**PROBLEM STATEMENT:** Retype each entry exactly. Skip any pictures.

**Data excerpts:**
——————————
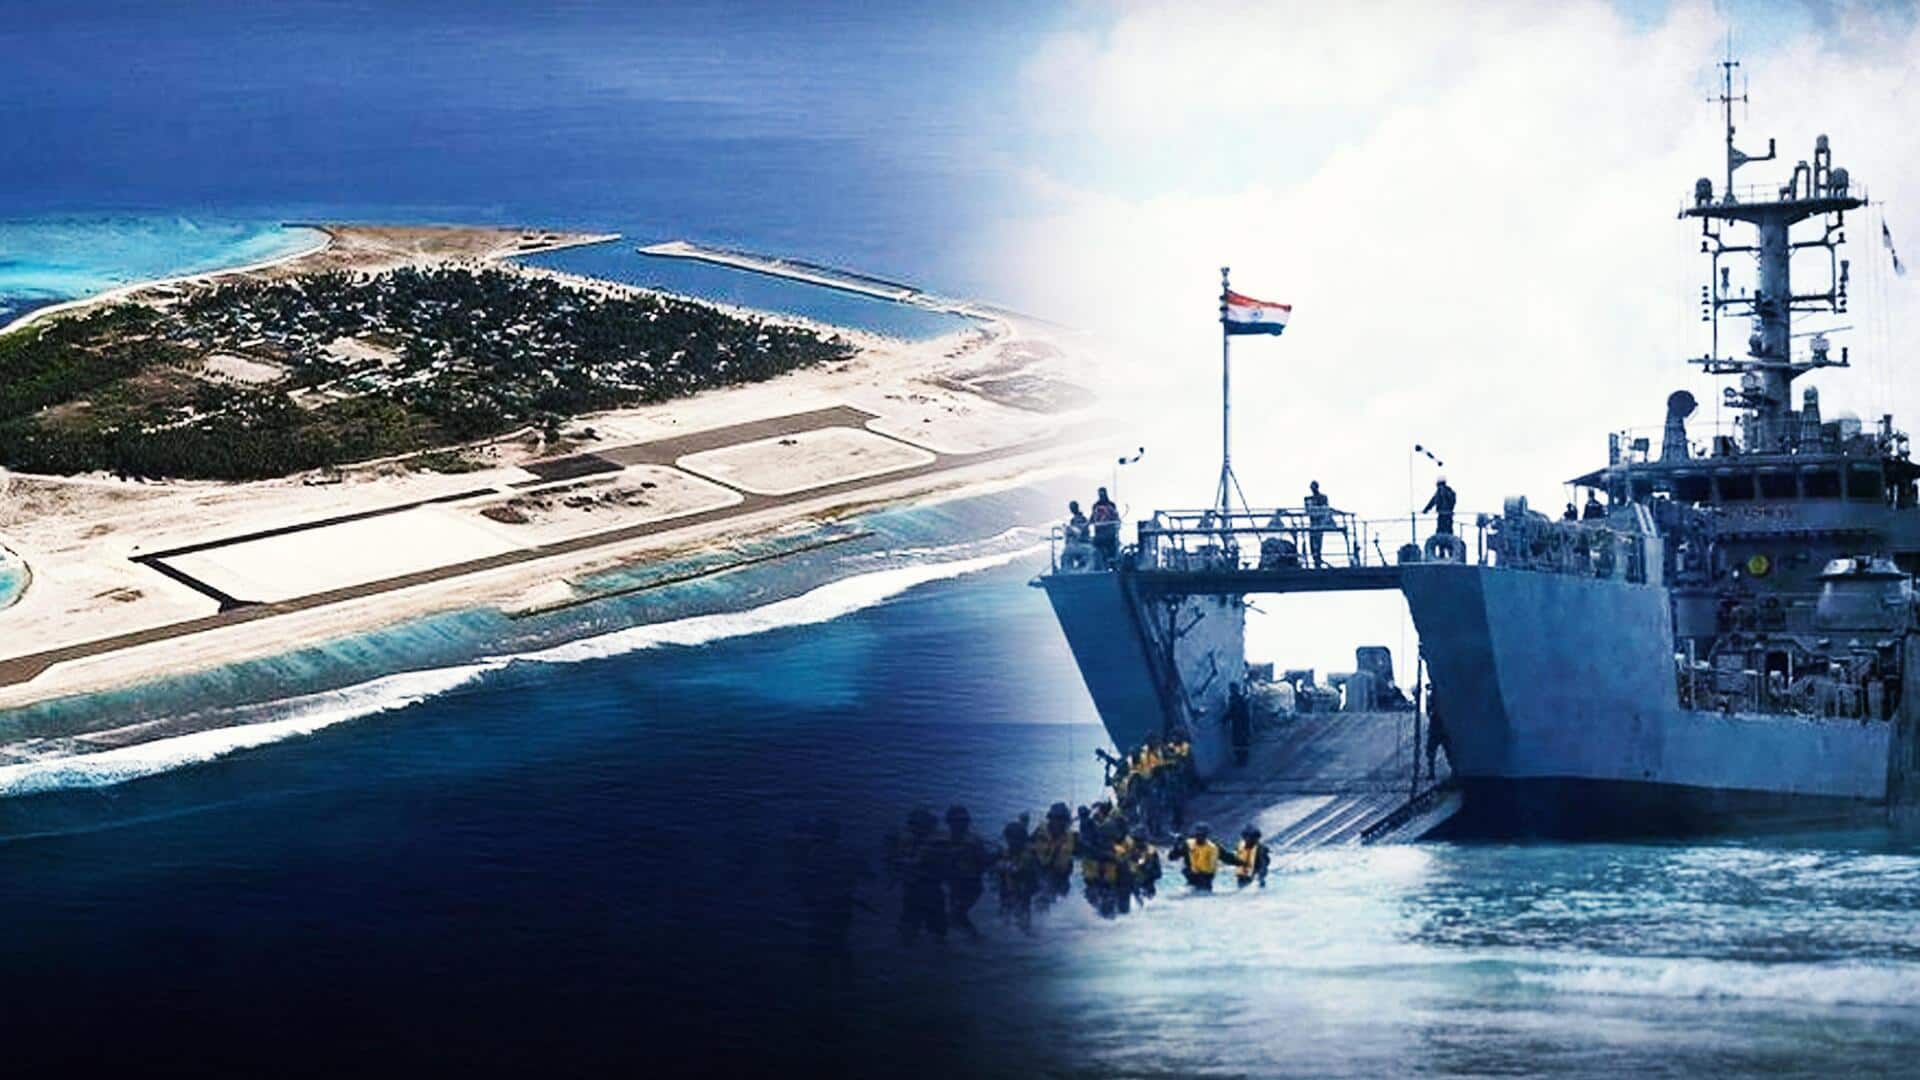 लक्षद्वीप में नौसैनिक अड्डा बनाएगा भारत, अगले हफ्ते हो सकता है उद्घाटन
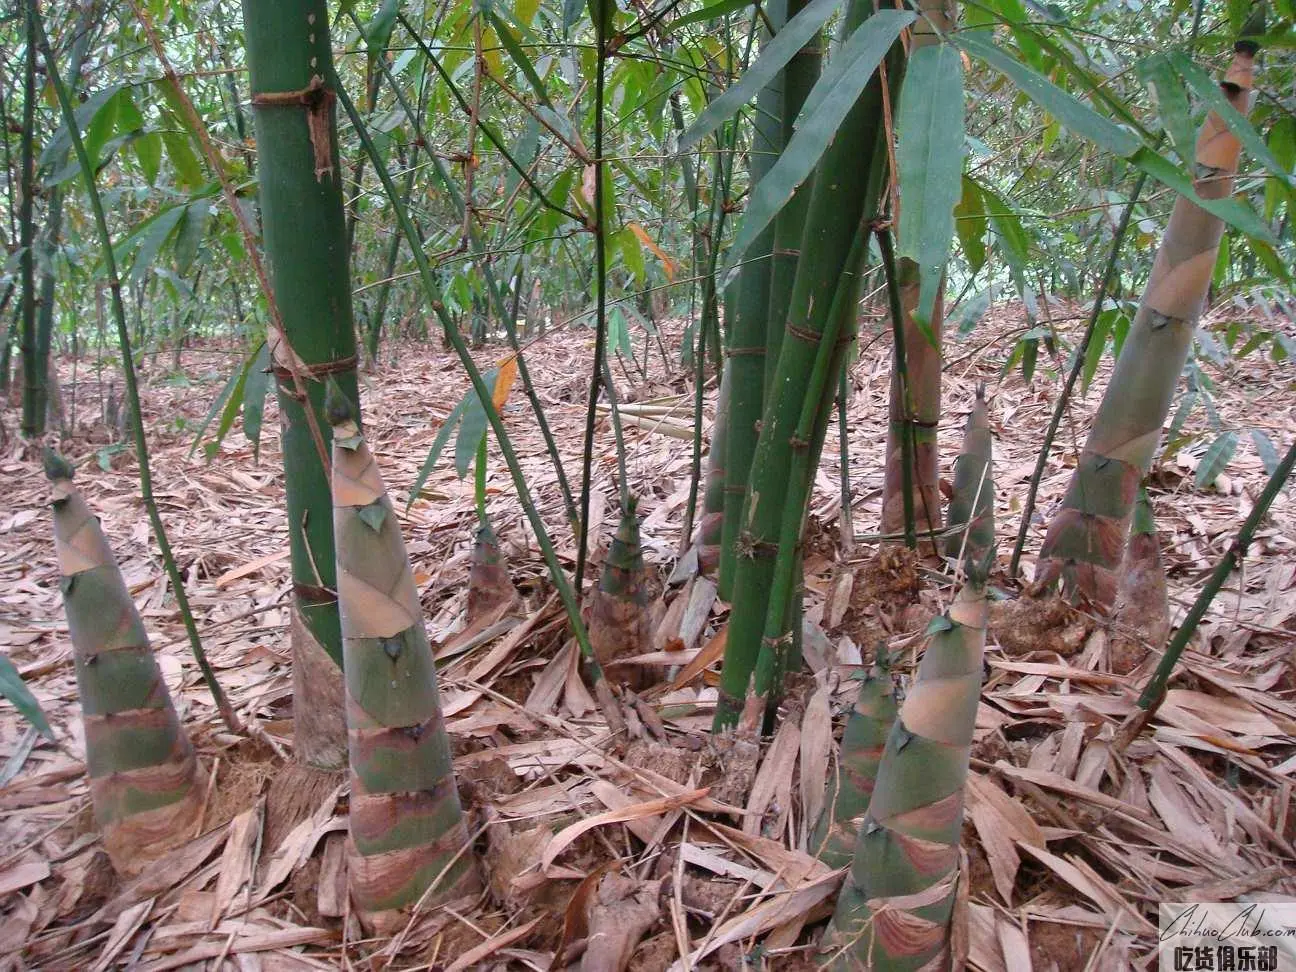 Xiniu Bamboo Shoots
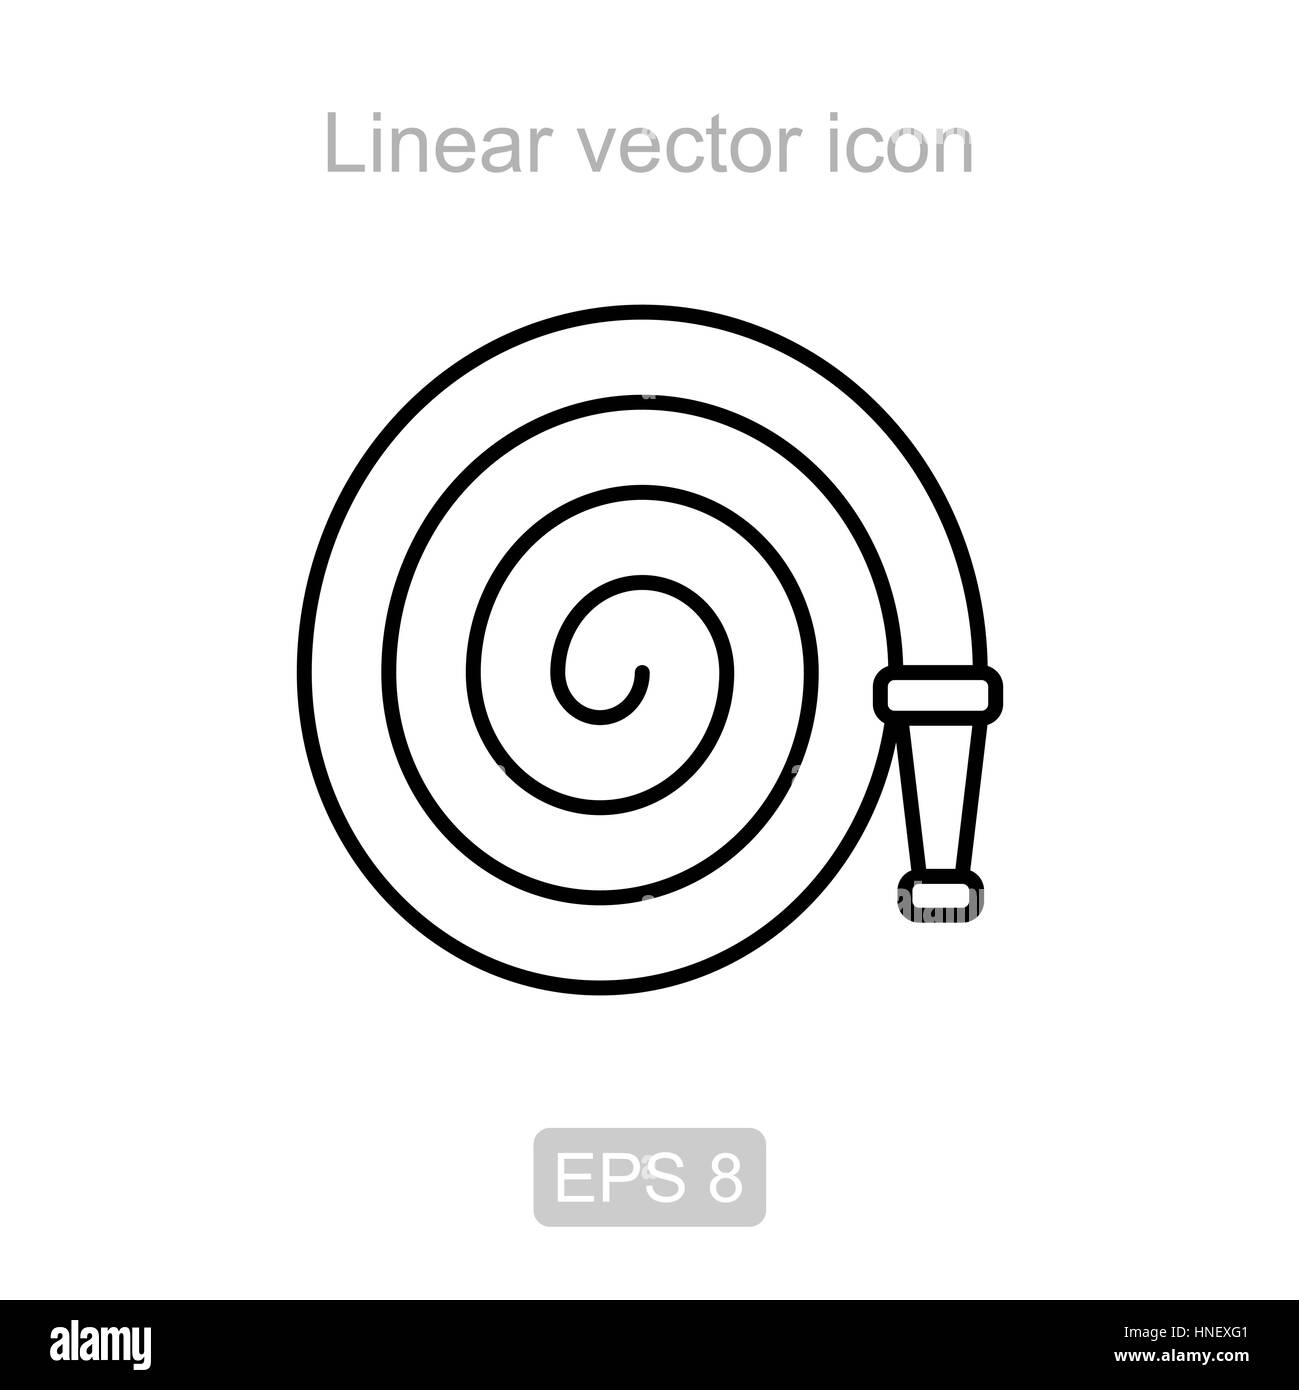 Fire hose. Linear vector icon. Stock Vector
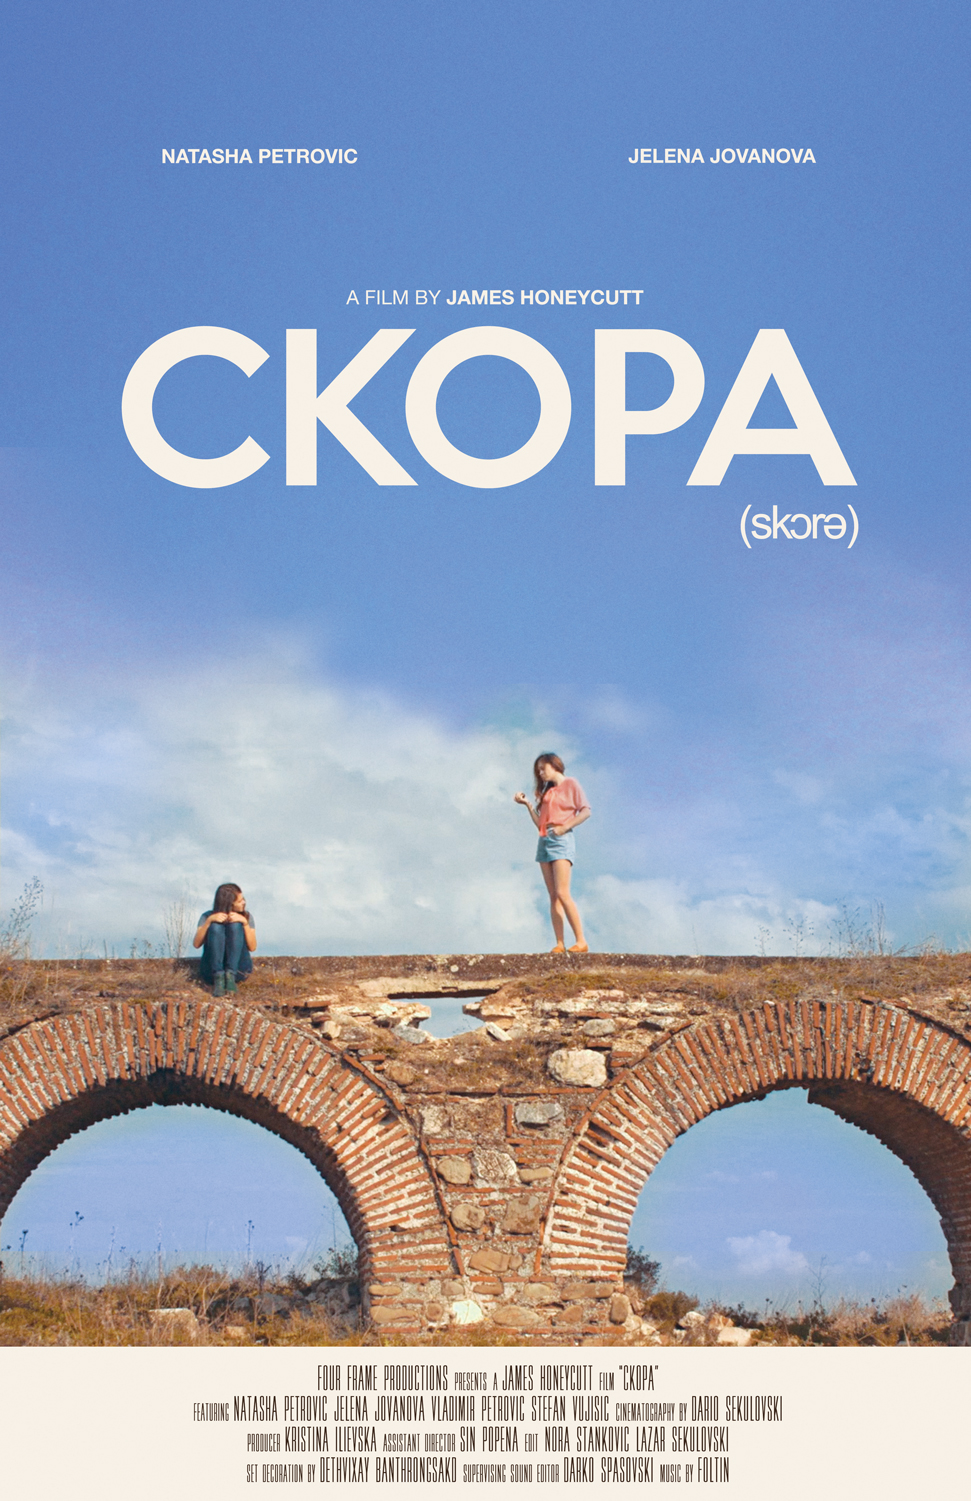 Ckopa movie poster poster graphic design  indie film movie
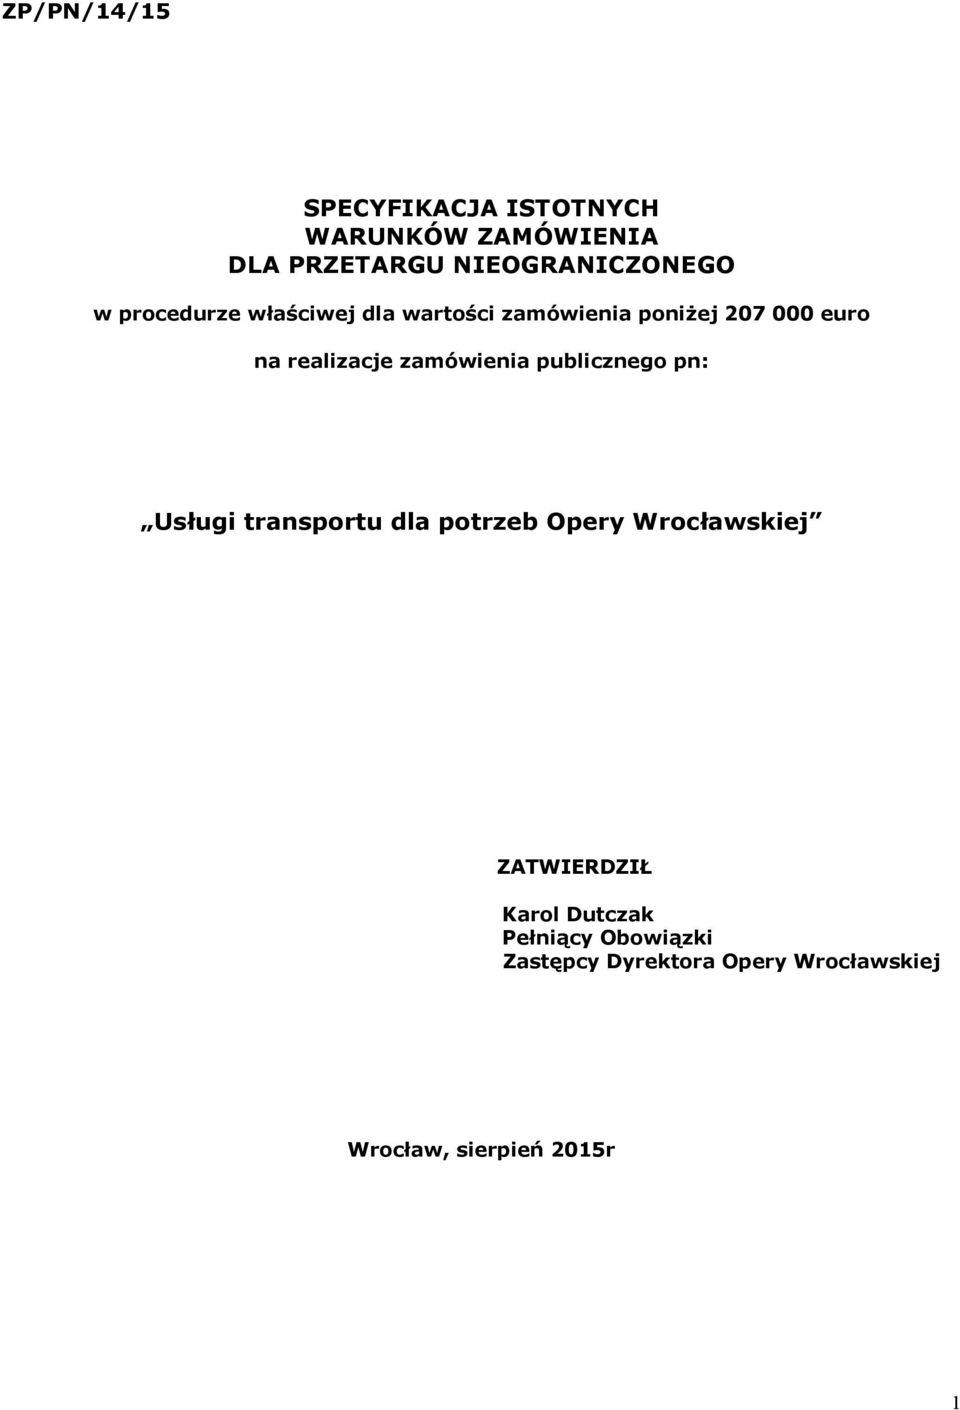 zamówienia publicznego pn: Usługi transportu dla potrzeb Opery Wrocławskiej ZATWIERDZIŁ
——————————
**TASK ANSWER:**
 लक्षद्वीप में नौसैनिक अड्डा बनाएगा भारत, अगले हफ्ते हो सकता है उद्घाटन
 Xiniu Bamboo Shoots
 Fire hose. Linear vector icon. Stock Vector
 Ckopa movie poster poster graphic design  indie film movie
 zamówienia publicznego pn: Usługi transportu dla potrzeb Opery Wrocławskiej ZATWIERDZIŁ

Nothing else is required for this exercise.